That was actually the very last song that I finished. I knew that I wanted one of the songs to be ballet-related. So for two or three weeks, I was watching Black Swan, which is one of my favorite movies, but I was drawing absolutely nothing. It was actually making it worse because I wasn't getting anything. And then something told me: Alvin Ailey. Immediately I started watching a lot of Alvin Ailey Youtube videos and it was like this spark came over me.
What made you feel that spark?
There was a connection. I totally understood the movement of their bodies, rhythm-wise. It was like a conversation almost. A silent conversation. That's how "Black Ballet" came into play. At first I was nervous because I was like, "This is far out." But I was really pleased with it.
The track itself felt far out?
It felt far out to me because I had never done something like that before. It was unfamiliar to me, and so was "Erotic Heat." But "Black Ballet" was uncharted territory. You're in there but you don't know what to expect. But I didn't shy away from it and go, "Oh no, I'm not gonna put that out because that's not what people expect of me." Usually what is far out or crazy is what I'll throw out there. I'll see how far it can go.
What other tracks felt far out or uncomfortable? You mentioned "Erotic Heat."
"Infrared," for sure.
I had to go back and play that over and over just to make sure I was hearing it. The sounds. It was just heavy all the way around. The percussion, the synths.
I think you’re quite skillful in controlling the momentum. The whole album is high-energy but there are certain moments when you manage to create space. It gets drawn out.
Right, exactly. Impact is a tool for me. For me, impact is more important than the sound itself. I'm trying to channel the momentum and to be able to be in control of it. Sometimes there are highs, very intense, and there are lows. I wanted it to be an adrenaline rush all the way through, so that you had to go back and listen to it two or three times because it was just so much to take in at once. Sometimes I'll listen to a track of mine before I go to sleep and then I have to go and listen to another track and another – and the next I thing I know, here I am, up for two hours. Then I'll go from my stuff to Sade's to Rachelle Ferrell's. I listen to so many different genres, but there are specific people that I really take note of – not to mimic but just to respect.
Who are those people for you?
I listen to Rachelle Ferrell a lot. My mom put me on to her at a very young age. Sade too. We used to listen to all kinds of artists when I was younger because everybody liked different things in the house.
It sounds like you grew up around a lot of music.
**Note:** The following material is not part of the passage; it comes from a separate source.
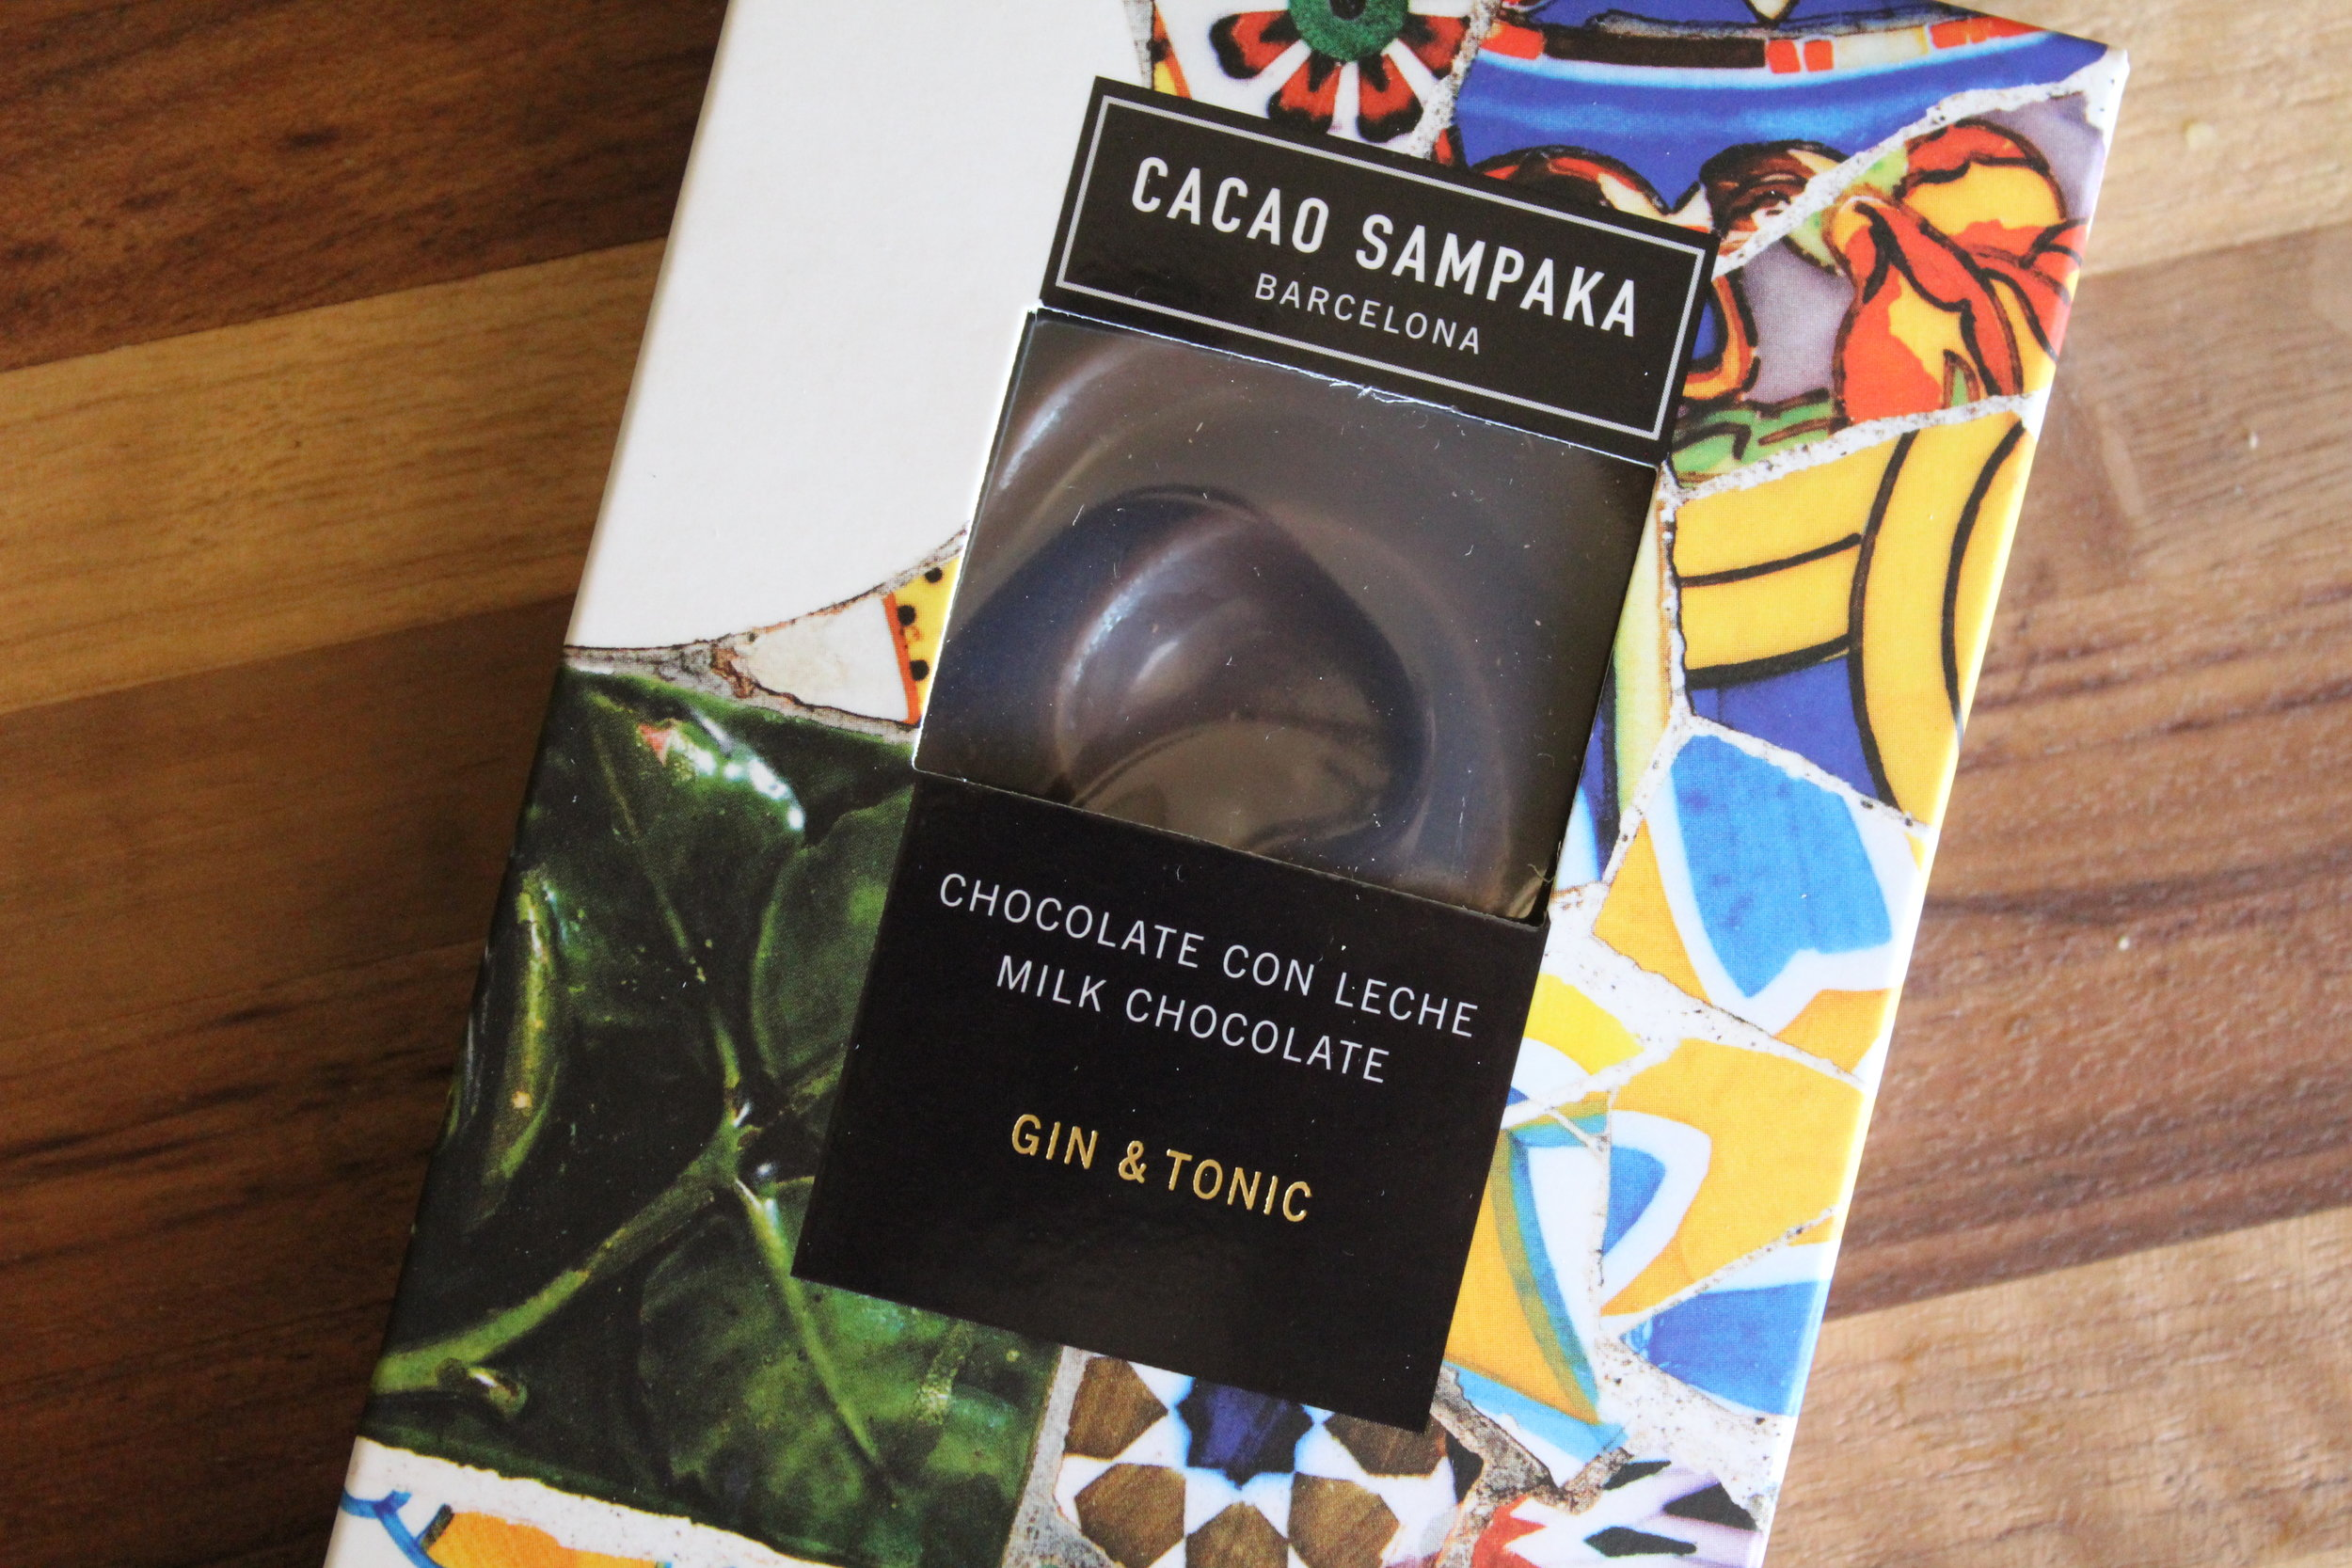 Gaudi Cacao Sampaka Gin and Tonic Chocolate Bar

I did, but it was all older music. It wasn't my generation, at all. I had to come into my generation on my own and through my friends. But yeah, I know a lot of jazz. Different things too. The Art of Noise, Elton John. I become like a sponge, not just for music, but for the things that I see and feel – that's where the impact is. Now it's just a matter of channeling that impact into a frequency and a vibration and a sound. Putting it into the atmosphere. I'll never grow tired of that.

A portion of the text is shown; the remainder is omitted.